Body & Soul (58 page)

Read Body & Soul Online

Authors: Frank Conroy

In the course of his studies Claude had learned a great deal about the concerto—from the baroque, through the classical and romantic, right up to Bartók's work before the war. He was aware of the ways in which the form had developed. As well, he knew of the double meaning of the word itself: to join together, to work in concert, but also, from the Latin, to fight, or to contend. The E-flat silver bell represented the solo instrument (piano) engaged in a battle for survival with the more powerful sounds of demolition representing the orchestra. This had come to him, he believed, in a moment of unconscious inspiration and had given rise to the aural hallucination, which he interpreted as a mysterious confirmation of the whole idea.

He pulled out the old blackboard and began sketching various ritornello-sonata structures using symbols, trying to decide on a rough blueprint. From his own library he got the score to Beethoven's fourth piano concerto and analyzed it, paying particular attention to the wild struggle going on in the second movement. He forced himself to leave the studio and pass through the escalating violence of the scene outside to go to the Juilliard library to look at Weber's Conzertstuck, Liszt's two concertos, Copland's 1926 Piano Concerto, and even Schönberg's Piano Concerto of 1942. He drew schemata for each of them, took them home, and thought about them.

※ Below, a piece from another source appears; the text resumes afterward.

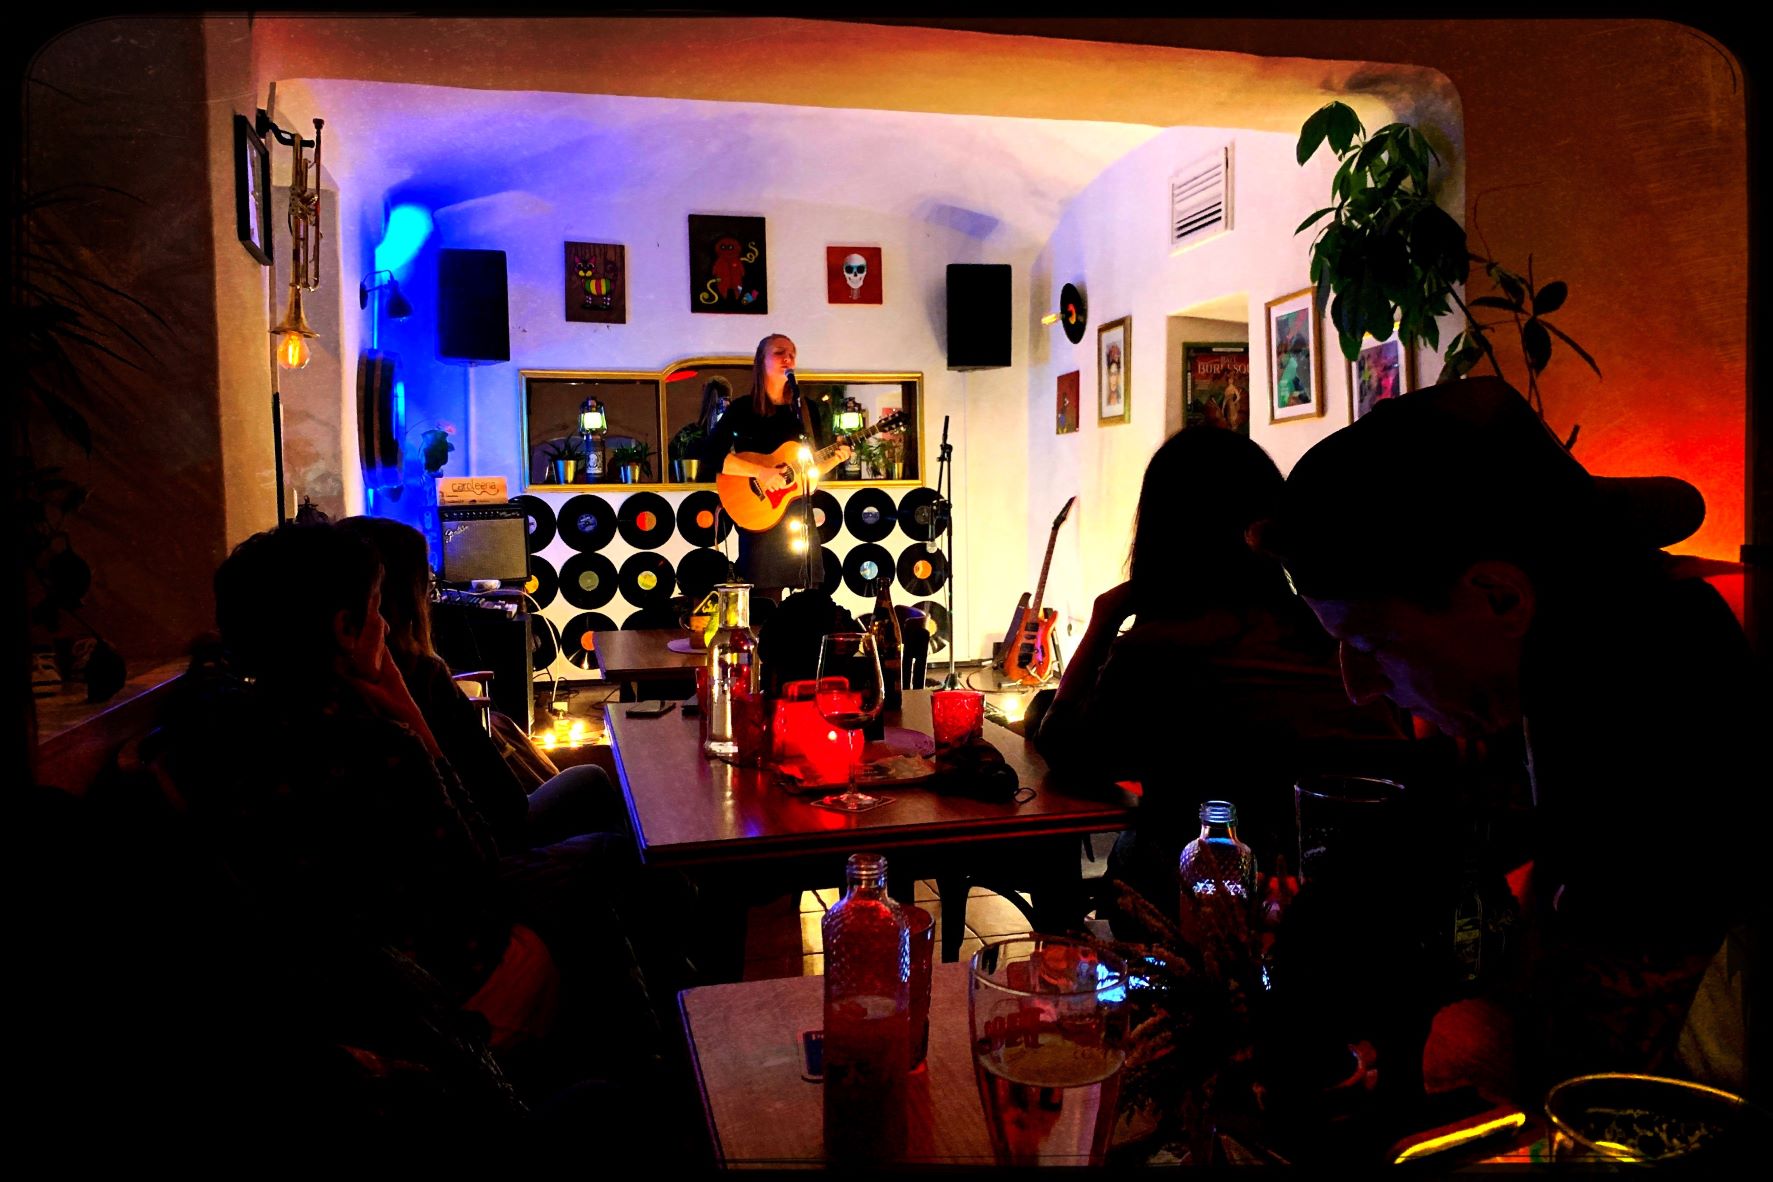 Eine junge Musikerin mit Akustikgitarre steht auf der kleinen Bühne im Wohnzimmer und singt ins Mikrofon, während das Publikum ihr lauscht

When he began to write the first movement he had several false starts. The first statement of the two magic chords was to occur in the second movement, and so he had to work backward to a certain extent, backward and forward at the same time. He was able to sustain the requisite concentration for stretches of two to three hours, at which point he would become slightly manic and begin to write too fast.
When this happened he would break for an hour, eat something, take a hot bath, read the paper, or work on the stock. Anything to stop chasing the music, anything to slow himself down. When he was calm he would go back to work. Very soon the days began to run together. The building continued to shake, the crashing and roaring, the jack-hammers, the air compressors, and the sound of the great trucks went on all day long, but he was too absorbed to notice. Often he would emerge from the studio in the middle of the night and be surprised by the silence.

In bed, he read Bartók scores until his eyes grew heavy and his mind drifted sideways. His dreams were surreal and filled with color. The wreckers woke him every morning.

He had a late supper at a bar and grill on Eighty-sixth Street. Corned beef sliced to order, cabbage, and a boiled potato from the steam table. When he ordered a beer it was green.

"What's this?"

"Saint Paddy's Day. The first one is on the house."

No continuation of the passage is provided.